At the time of reporting, however, neither the diamond processing nor the jewelry retail industry has anything in place to boost sales this Diwali. The question most industry watchers are asking is, despite the lowering of diamond prices and the strong rupee, will retailers be able to sell diamond jewelry this festive season in sufficient quantities? There is still a great deal of economic uncertainty and India’s growth rate has been significantly lowered by both the government as well as external rating agencies.
AGGRESSIVE PROMOTION BY OTHER PRODUCTS
A range of other product categories is also gearing up to make a splash this Diwali by not only keeping prices down to previous levels, but also offering freebies and discounts to ensure sales. Consumer electronics and white goods makers like Panasonic, Samsung, Whirlpool, Godrej and Videocon are all readying strong sales promotion schemes for Diwali, which typically accounts for some 40 percent of their annual sales.
Importantly, these firms have all announced that they will maintain prices at current levels despite a strong appreciation in the price of input materials. So far, only the Gitanjali Group from the gem and jewelry industry has readied similar plans. Gitanjali is reportedly also planning to maintain the price points on their existing ranges – by reducing the gold content in them.
For the gem and jewelry industry, the need to move away from the purely economic, investment-oriented model is emphasised by the fact that gold industry analysts are reporting a surge in the recycling of gold in the country. A big factor in this has been this year’s poor agricultural output. This means that the rural population, which is by far the country’s biggest gold accumulator, does not have the economic wherewithal to acquire new gold and will thus most liquidate its already held gold – everything from coins and bars to old jewelry.

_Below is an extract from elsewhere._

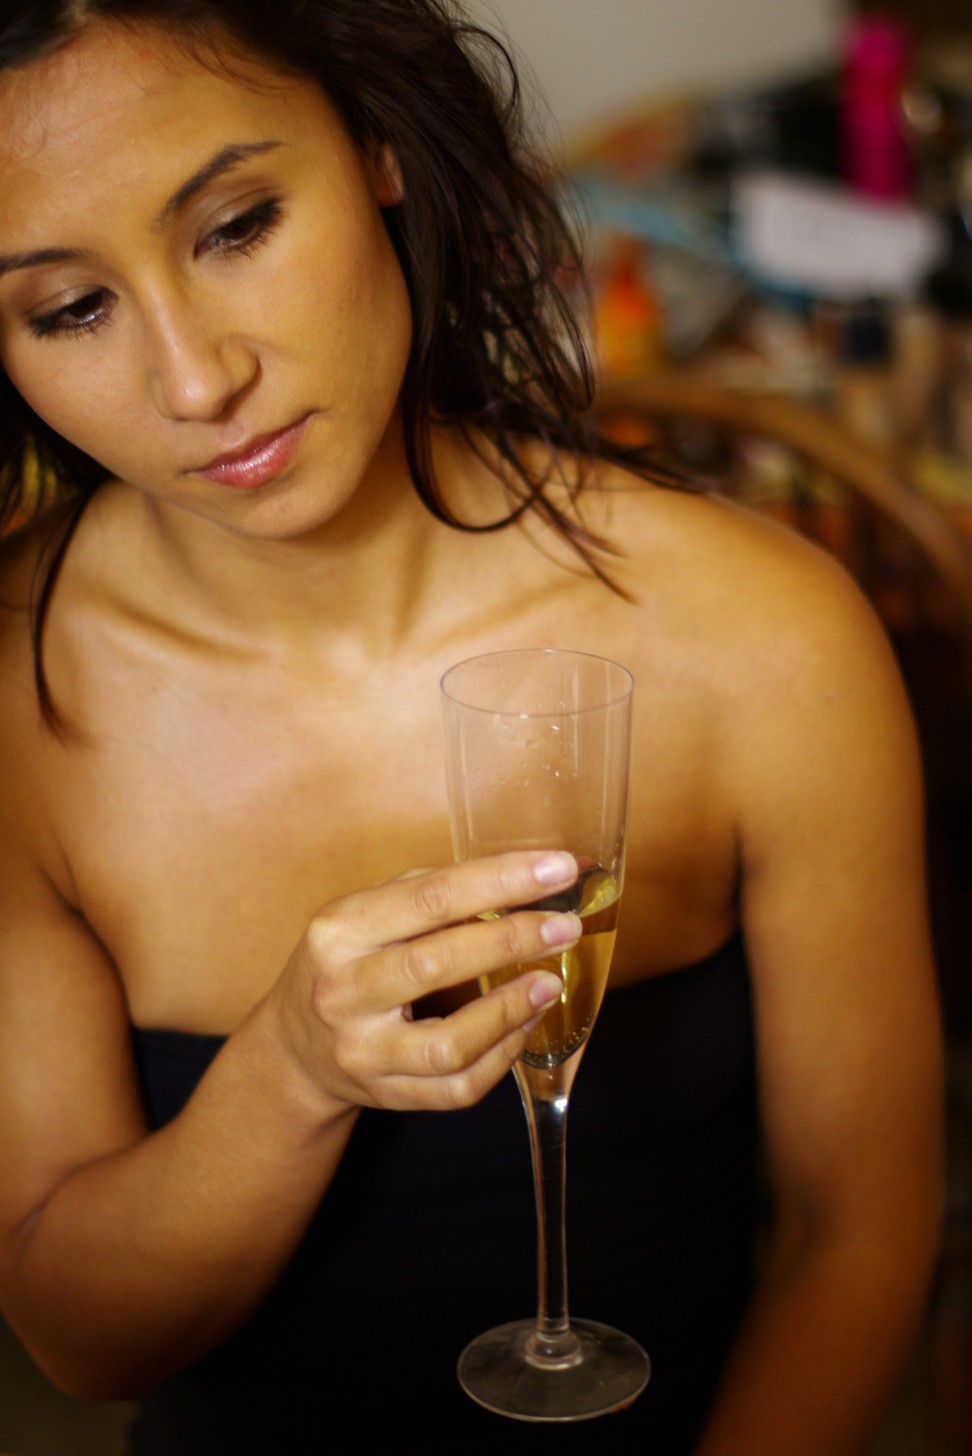 A Swedish study has found alcohol consumption and binge drinking in women is significantly associated with higher blood glucose levels. Photo: Alamy

Also, the 4 percent import duty on the import of primary gold has meant that the price of the yellow metal has shot up to breathless heights, thus further reducing consumer appetite for the acquisition of new gold.
All of this means that jewelry retailers are now presented with fewer opportunities to sell consumers new product – which offers the best margins – and reduces them to low-cost value-addition in the re-fabrication market.
“If jewelry were to be an object of desire like a new tablet computer or some other technological product that catches the consumer’s fancy, it wouldn’t have to contend with such issues,” says the Zaveri Bazaar wholesaler, who is uncertain about this year’s Diwali sales despite what appear to be clearly encouraging economic signs. “The debate about whether or not we should all pitch in for an industry-wide promotional effort to infuse our product with emotion will be amplified this Diwali,” he says.